Д о к т о р. Он хотел, чтобы на вас обратили внимание, так? Чувствовал, что вы не в настроении? Или одиноки? Хотел вывести из депрессии, ведь она у вас была минувшим летом?
К э т р и н. Да как же вы не понимаете?! Он ловил на меня людей! (Дыхание миссис Винэбл похоже на звуки, которые издает на крючке большая рыба.) И она это тоже делала. (Миссис Винэбл вскрикивает.) Неосознанно! Она и не знала, что ловила для него людей в модных, фешенебельных местах, где они всегда бывали до минувшего лета! Себастьян на людях был как красна девица, а она нет. И я нет. Мы обе делали для него одно и то же — устанавливали контакты, но она в приятных местах и прилично, а я должна была это делать таким вот образом! Друзей у Себастьяна не было, и пустая записная книжка с голубой сойкой все росла и росла — такая большая и такая пустая, похожая на большое пустынное голубое море и небо. Я знала, что делаю, ведь до Зеленого района я долго жила во Французском квартале.
Миссис Холли. О Кэти! Сестра…
Доктор. Тихо!
Кэтрин.

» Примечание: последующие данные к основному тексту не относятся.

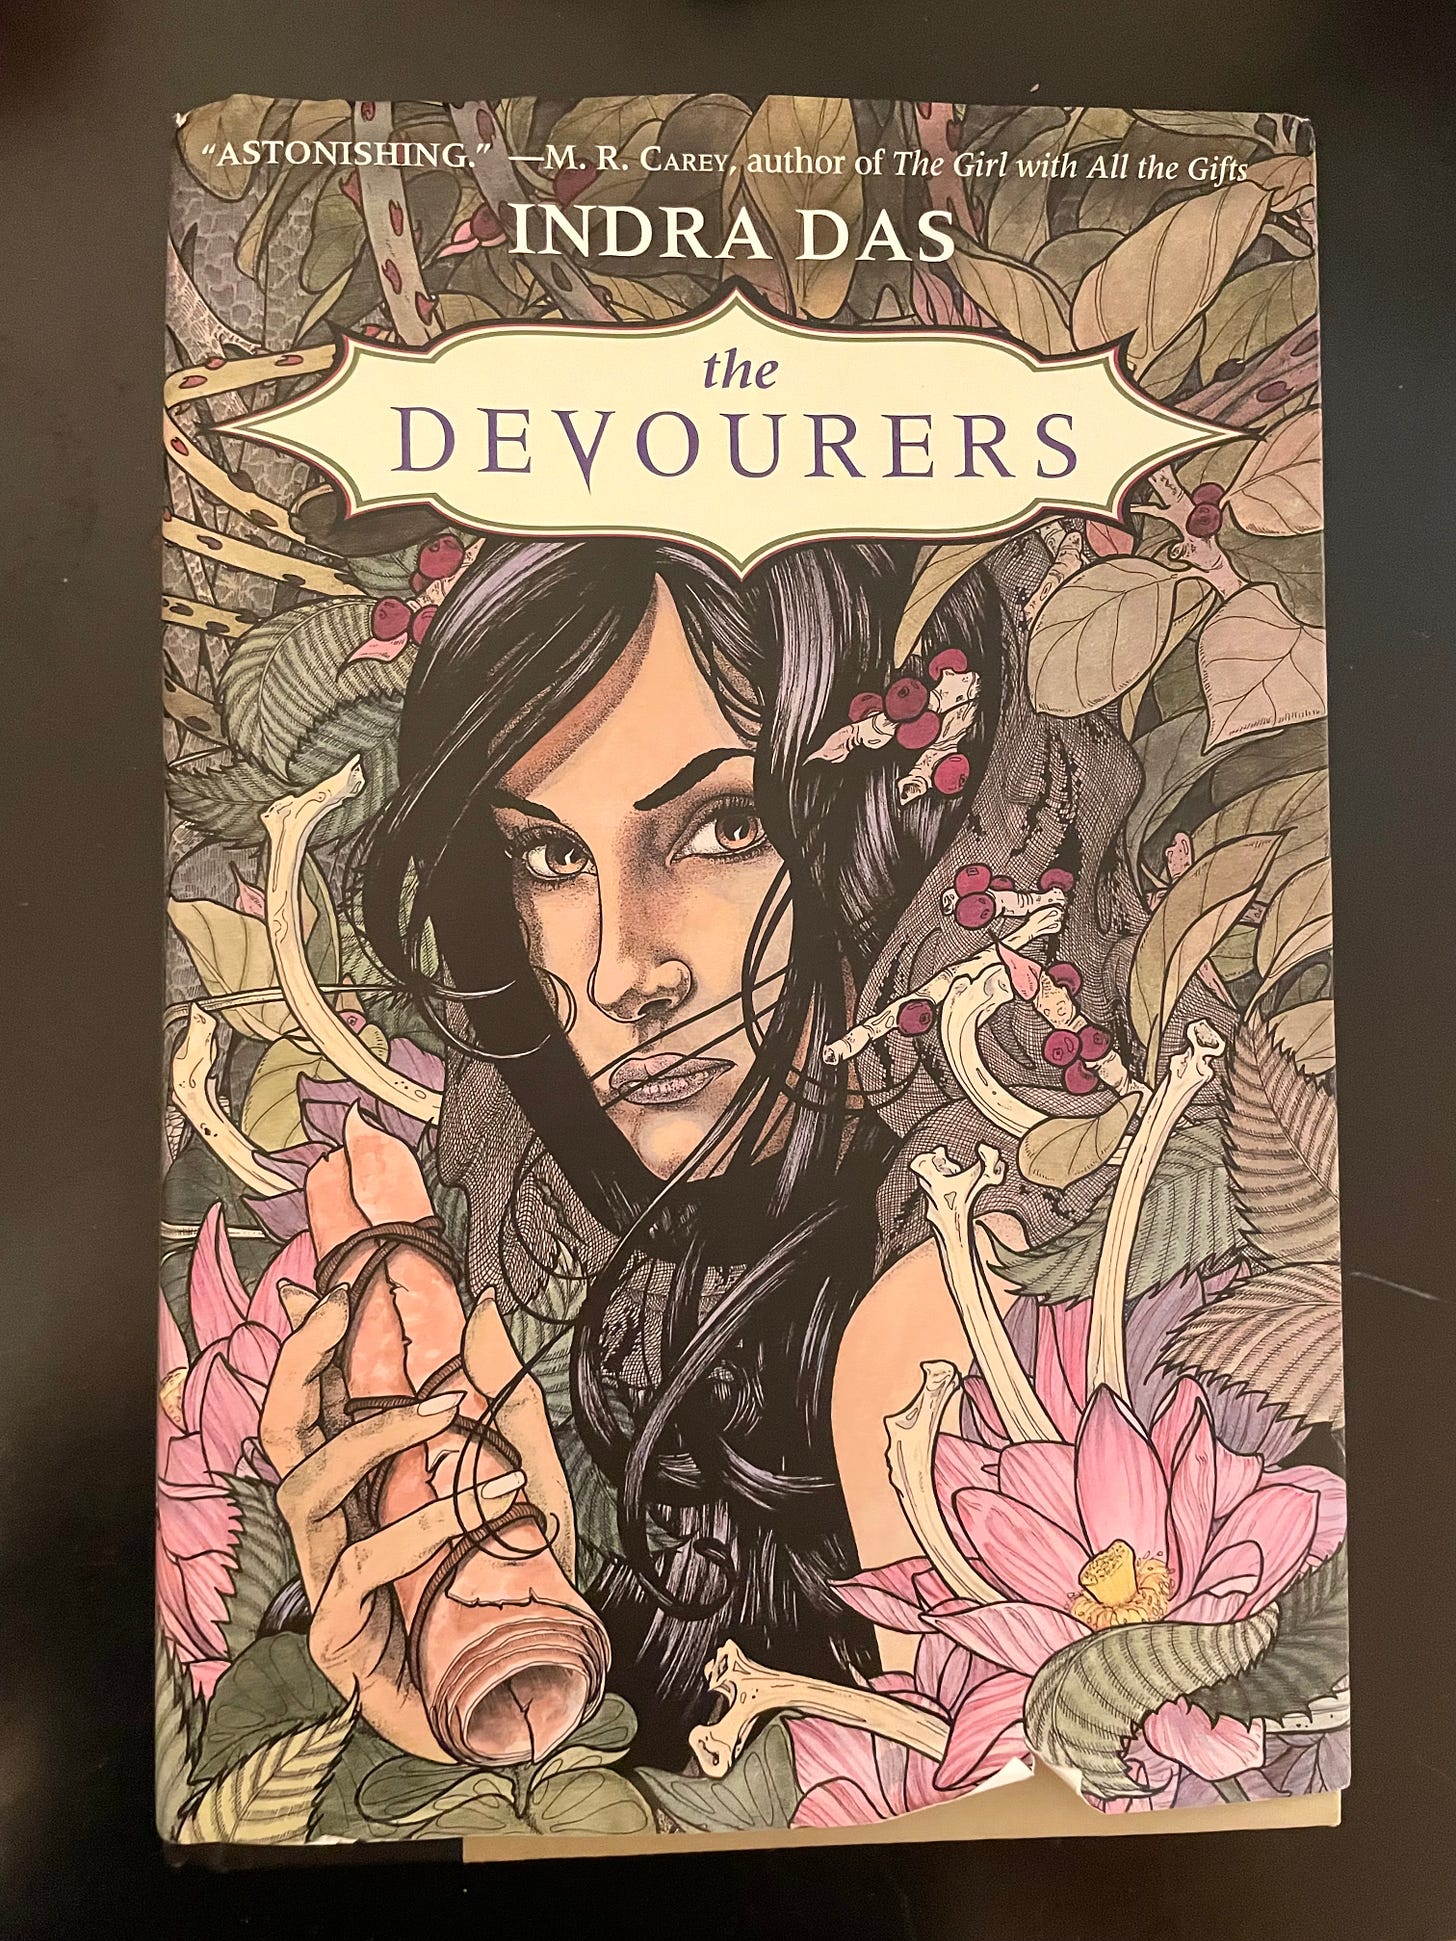 book: 'The Devourers' by Indra Das
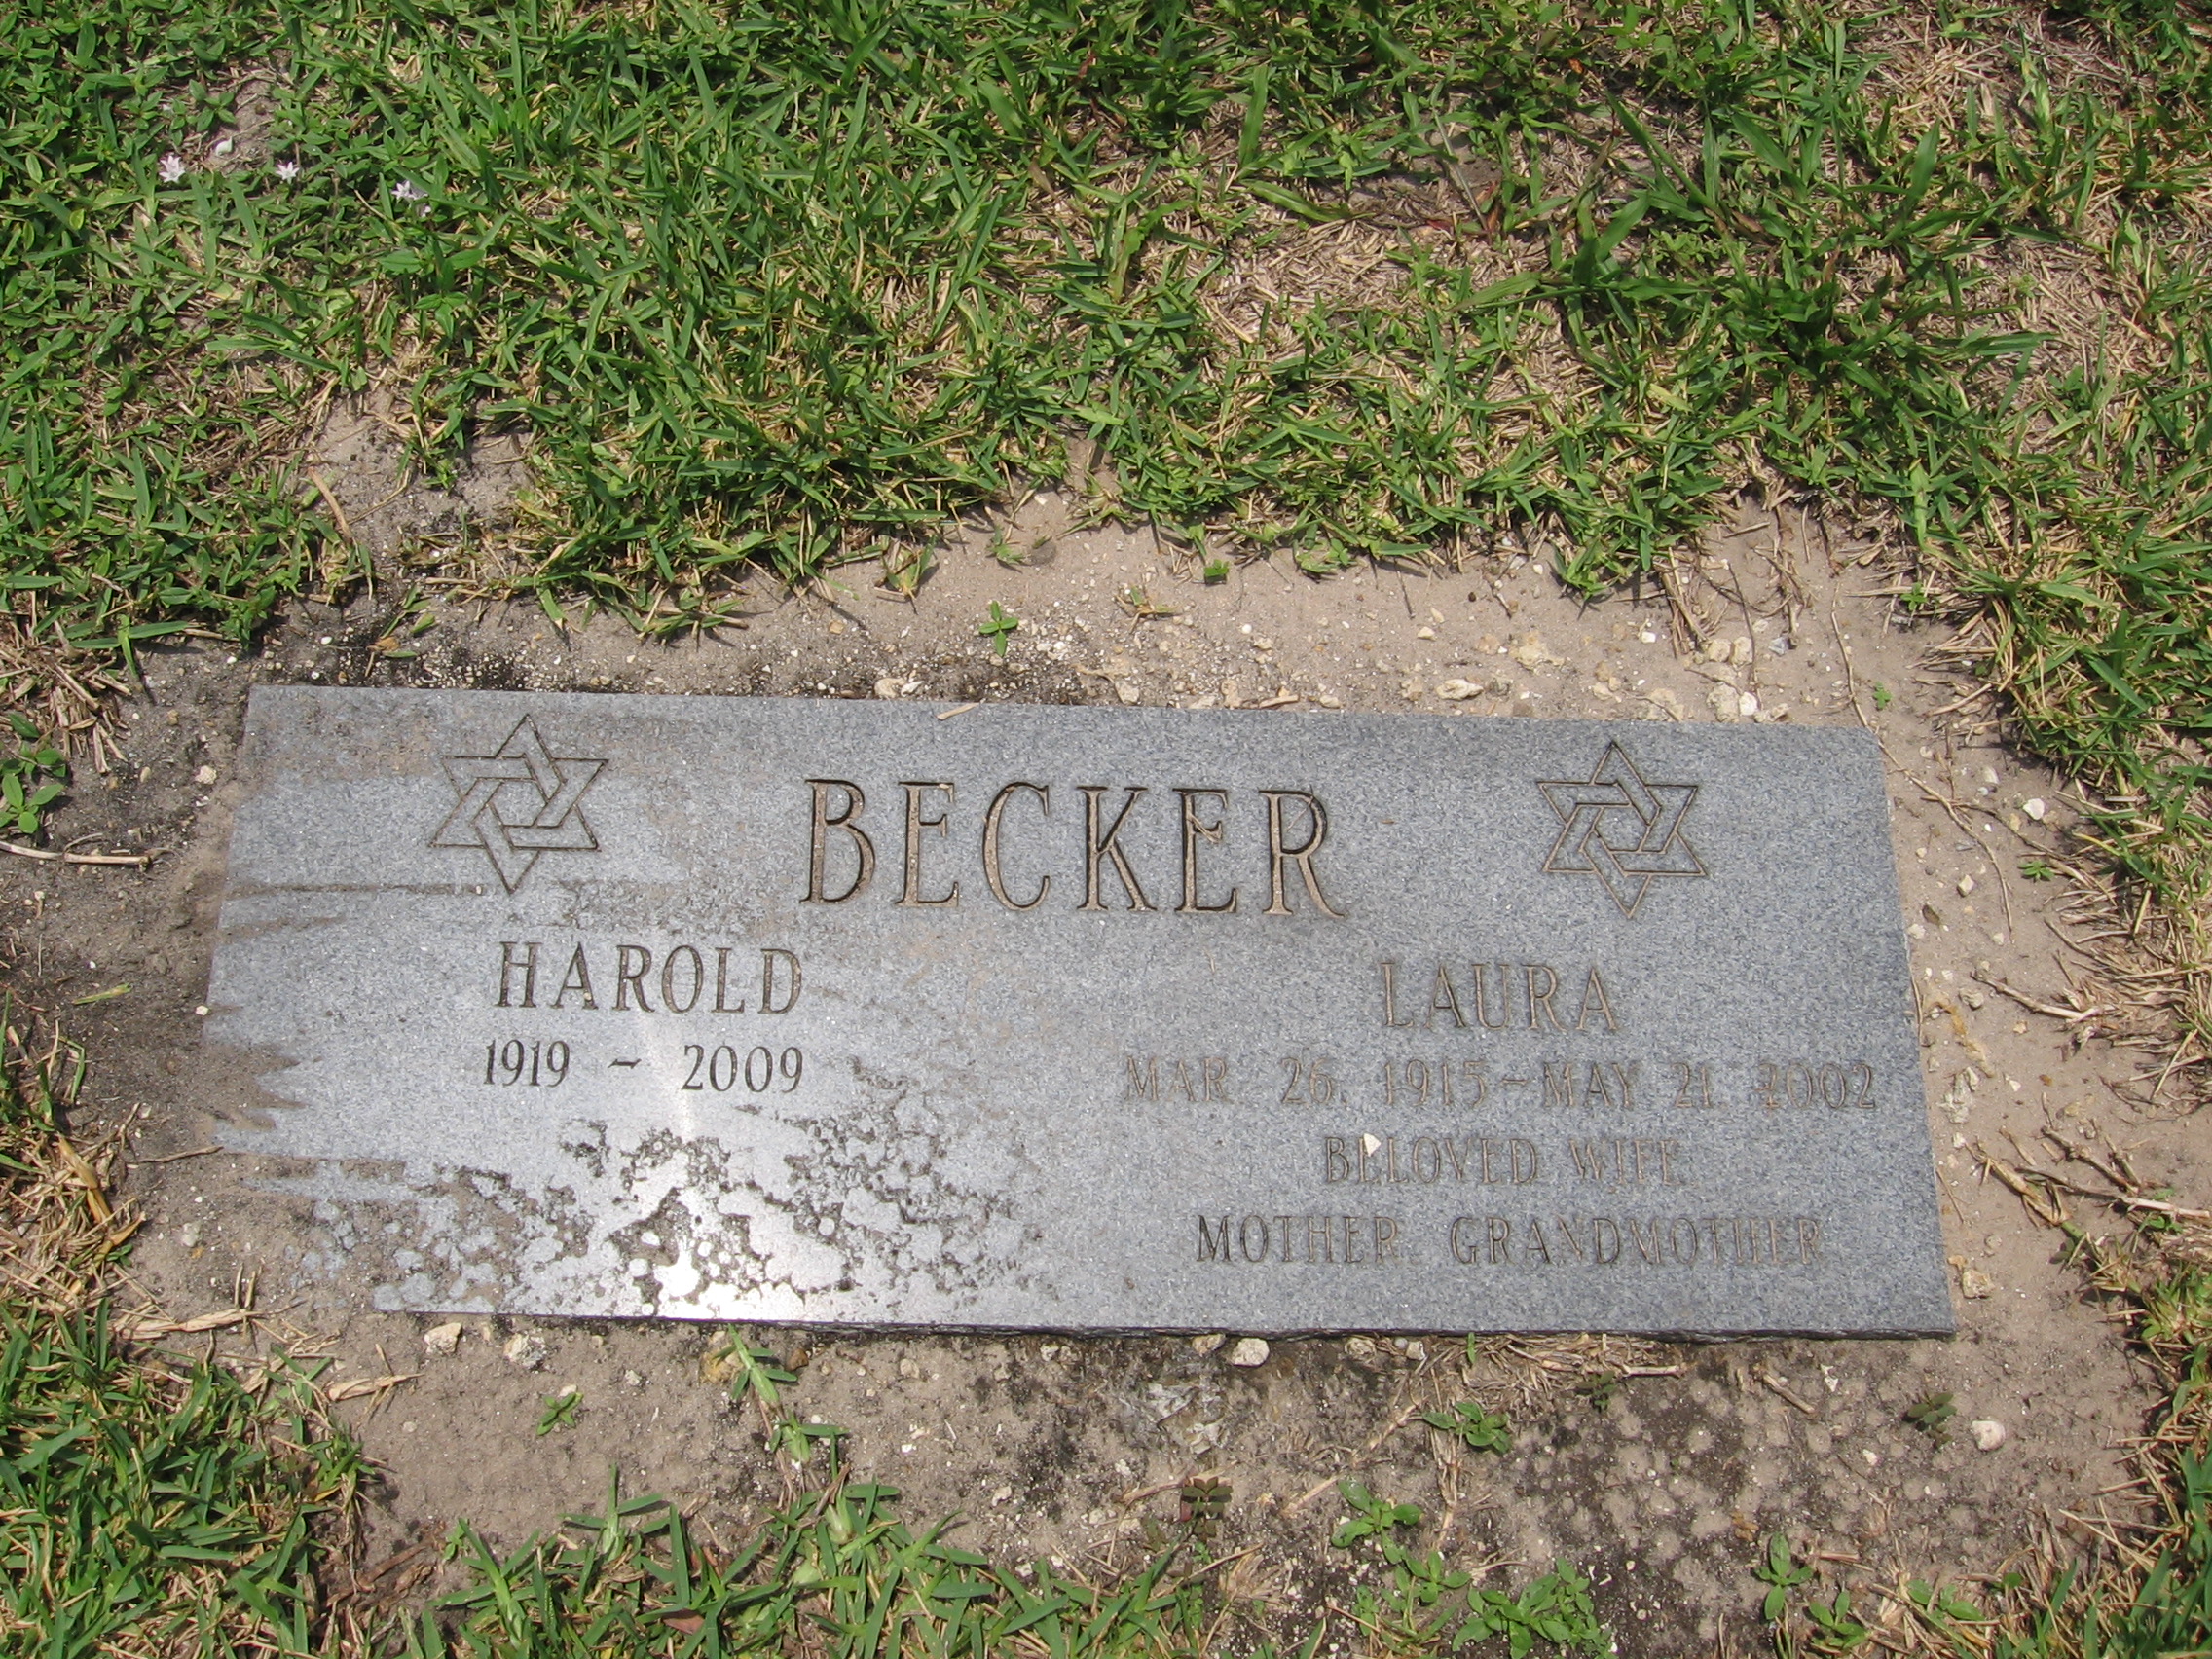 Harold Becker

Но скоро, в самый солнцепек, когда на пляже начиналось столпотворение, я стала ему вдруг не нужна для этого. На соседнем пляже он увидел каких-то подростков. Голодные, бездомные, как бродячие собаки, — там они и жили. Так вот: они перелезали через забор или обплывали его — и к нам. И тогда он позволил мне надевать строгий темный купальник, и я предпочитала уходить в дальний, пустынный конец пляжа. Писала там письма, открытки и вела дневник от третьего лица. И так часов до пяти — в это время мы встречались с ним у душа, на улице. Он выходил в сопровождении…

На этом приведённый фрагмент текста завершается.